Степан Григорьевич появлялся в Москве всегда неожиданно; у него были какие-то особенные привычки, связанные, может быть, даже со старинными приметами: он никогда не оповещал о своем приезде. Раздавался звонок, и в дверях появлялся низенький, косматый, в высокой шляпе, со своим говорком, милейший Писахов, и словно добрые Лары входили вместе с ним в дом. Щетинистый для тех, кого он не любил, Писахов был уютен для друзей, как добрый дед из старой русской сказки. Вот он уже сидит за столом, поставив перед хозяйкой трудную задачу: он не ест ничего мясного; маленькая рука Писахова достает тем временем из кармана колоду карт для пасьянса, с картами у него свой разговор: он дует на них, перекладывает, заставляет снимать; впрочем, он так же колдует, когда по-своему, по-особенному заваривает чай. Колдун он домашний и добродушный, как фокусник, секрет которого давно всеми разгадан. У него просто искусные руки, и он очень хорошо чувствует человека: чувство человека было в Писахове одной из его отличительных особенностей. Такая прозорливость дана только глубоким людям или детям: и те и другие безошибочно чувствуют дурные и хорошие стороны человека.
Но вот Писахов посидел, порассказал, съел приготовленную для него кашу, выпил чаю — и исчез, словно растворился в воздухе. Он всегда исчезал, не прощаясь, никогда не сообщая о своем отъезде: это тоже была одна из его привычек. «Домашняя дума в дорогу не годится» или «Ночлега с собой не возят» по русским пословицам. Он исчезал, а дней через пять-шесть приходило невиннейшее письмо из Архангельска, словно он никуда и не уезжал из него.
Редкий прохожий не оглядывался на этого низенького, совсем особого, непохожего на других человека. Не только внешне, но и внутренне приносил он с собой обаяние Севера. Долго старался он приобрести для меня резное украшение, какое устанавливают поморы на носу своих шнёк — утлых парусников, век бороздивших Белое море, когда не было еще ни траулеров, ни сейнеров. «Все не то», — писал он мне. «Нужен Фока в гречишнике, а подделку я вам не пошлю». Но Фоку в гречишнике он так и не нашел: вспомним, что Георгий Седов именно на «Святом Фоке» ушел в свое последнее плавание.
Как-то получалось, что я вдруг напишу Писахову, и письмо придет в тот или иной сложный или даже критический момент в его жизни: в ряде своих писем или посвящений на книгах он отмечал это и почти уверовал во взаимное ощущение на расстоянии.
Десятилетиями образ Севера сочетался для меня с домиком на Поморской улице в Архангельске, где жил человек, о котором неизменно говорили так: «Будете в Архангельске, побывайте у Писахова», не потому, что он был своего рода достопримечательностью, а потому, что помочь понять и почувствовать город северян мог лучше всех Писахов.
Когда-то с острова Кильдин я привез на память голыш.

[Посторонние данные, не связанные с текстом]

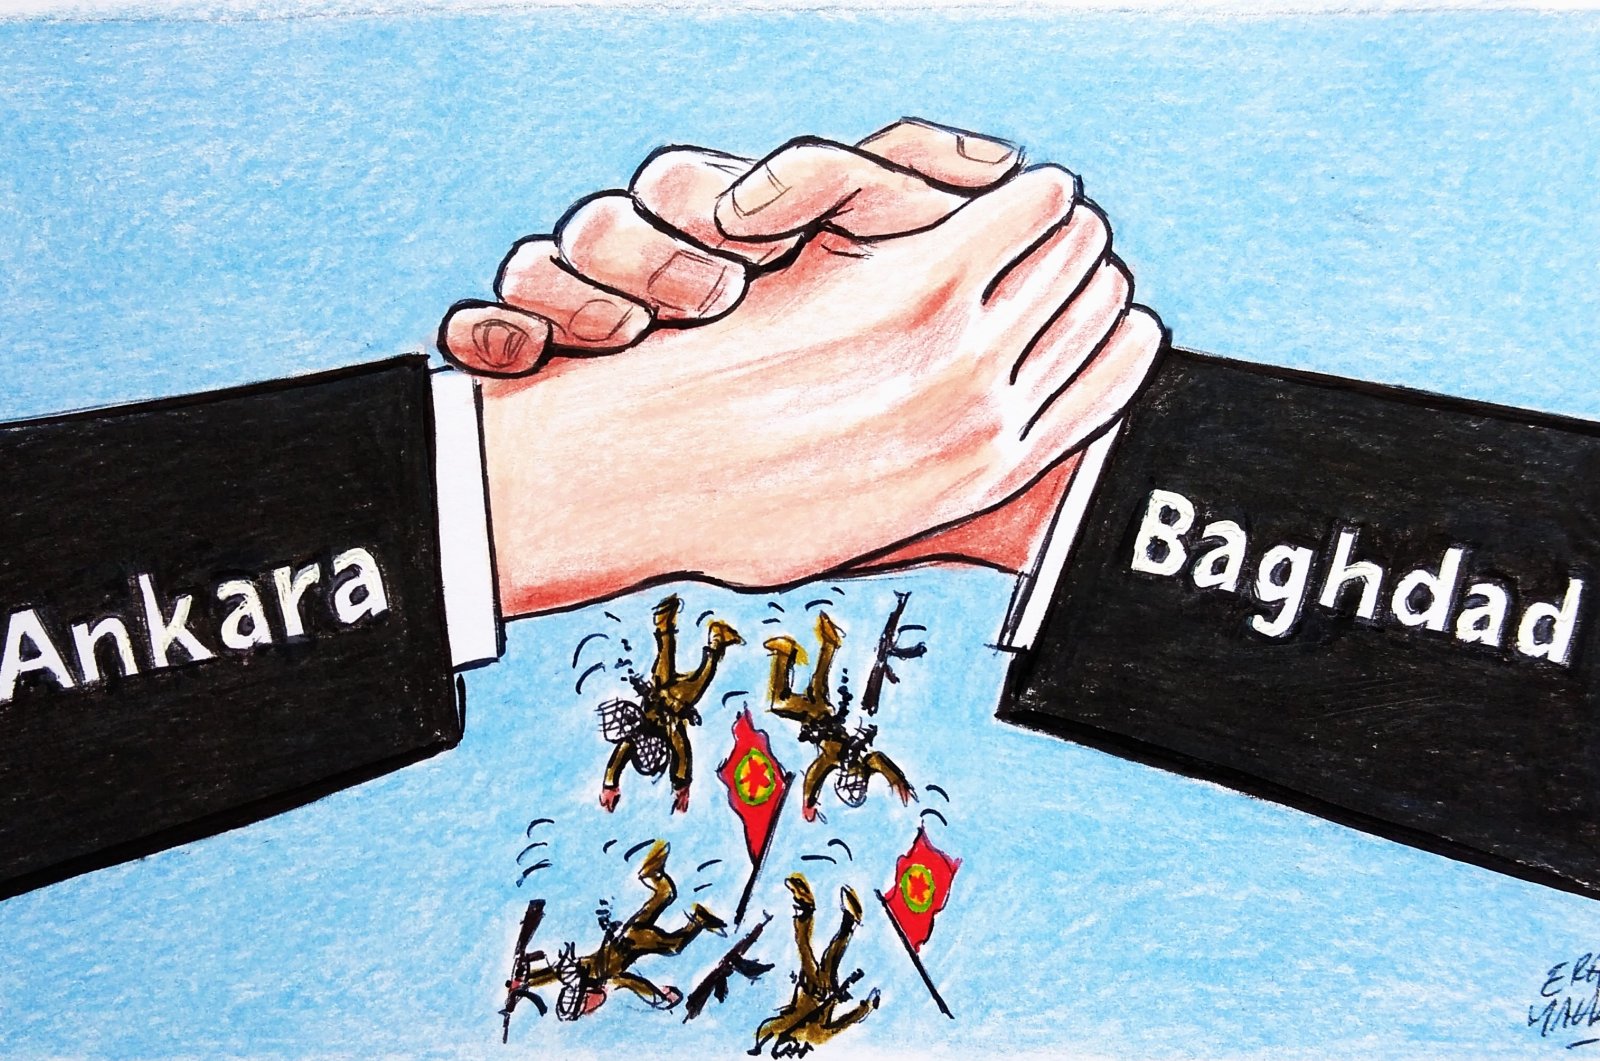 &quot;Ankara has been in contact with Baghdad for many years regarding the fight against PKK and the two countries shook hands more than once in the past – which begs the question of why the most recent agreement should be considered the beginning of a new chapter in the counter-PKK campaign and bilateral partnerships.&quot; (Illustration by Erhan Yalvaç)
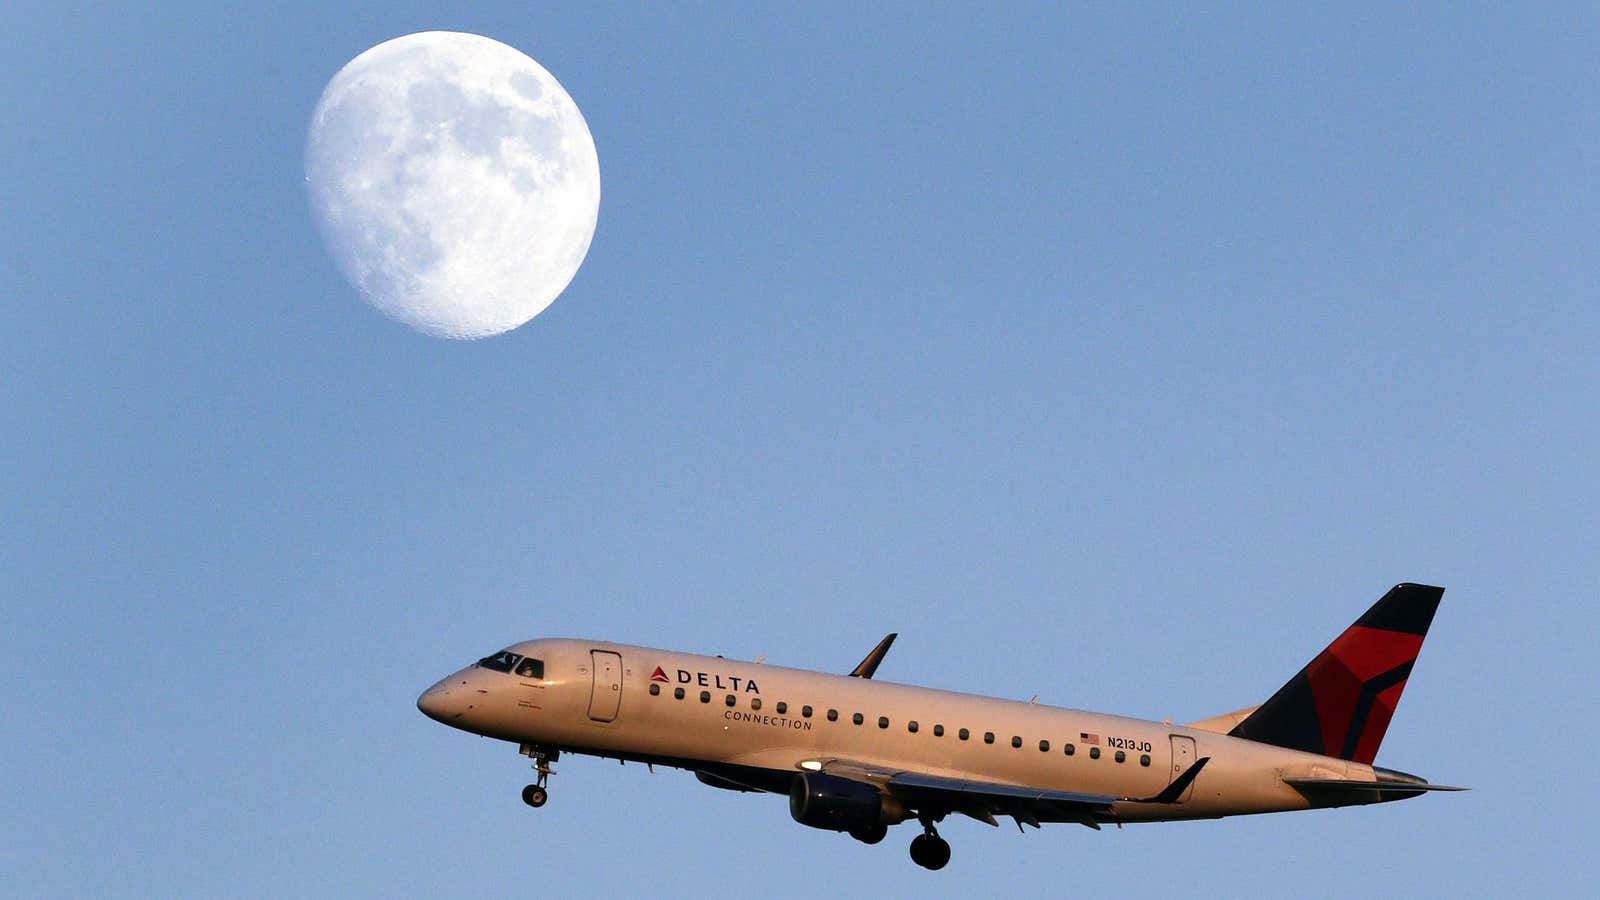 Delta Air Lines is promising the moon on the environment.

У меня всегда возникает особое чувство, когда в местах, куда я вряд ли снова попаду, подбираешь гальку или раковину с тем, чтобы пометить на ней число и место. Тогда камень как бы обретает свою судьбу, связанную с судьбой подобравшего его человека. Голыш с острова Кильдин Писахов знал и не раз держал его в руке.
— Клейменый камень, — сказал он как-то, — видите клеймо? — Никакого клейма я не увидел. — Какой же у вас глаз, — рассердился Писахов. — Это клейменый камень из кегострова наследства.
Писахову просто хотелось изукрасить немного фантазией голыш, чтобы он был для меня не только камнем. И — странное дело — стал этот серый голыш в такой степени связанным для меня с именем Писахова, что утратил прозаическое назначение служить в качестве пресс-папье.
«Я простудился. Месяц не мог ходить. С трудом делал пять шагов и садился отдыхать, — написал он мне в последнем письме. — Хотя бы до совершеннолетия дотянуть!.. И мне мало только до совершеннолетия. Теперь хочется до 2000‑го года! Ведь так много ожидается-намечается нового. Сообщение с Москвой без затраты времени... А какая будет музыка? Подождать-то всего 41 год! Очень хочу. А какой нарядной вступит Земля в 2000‑й год!»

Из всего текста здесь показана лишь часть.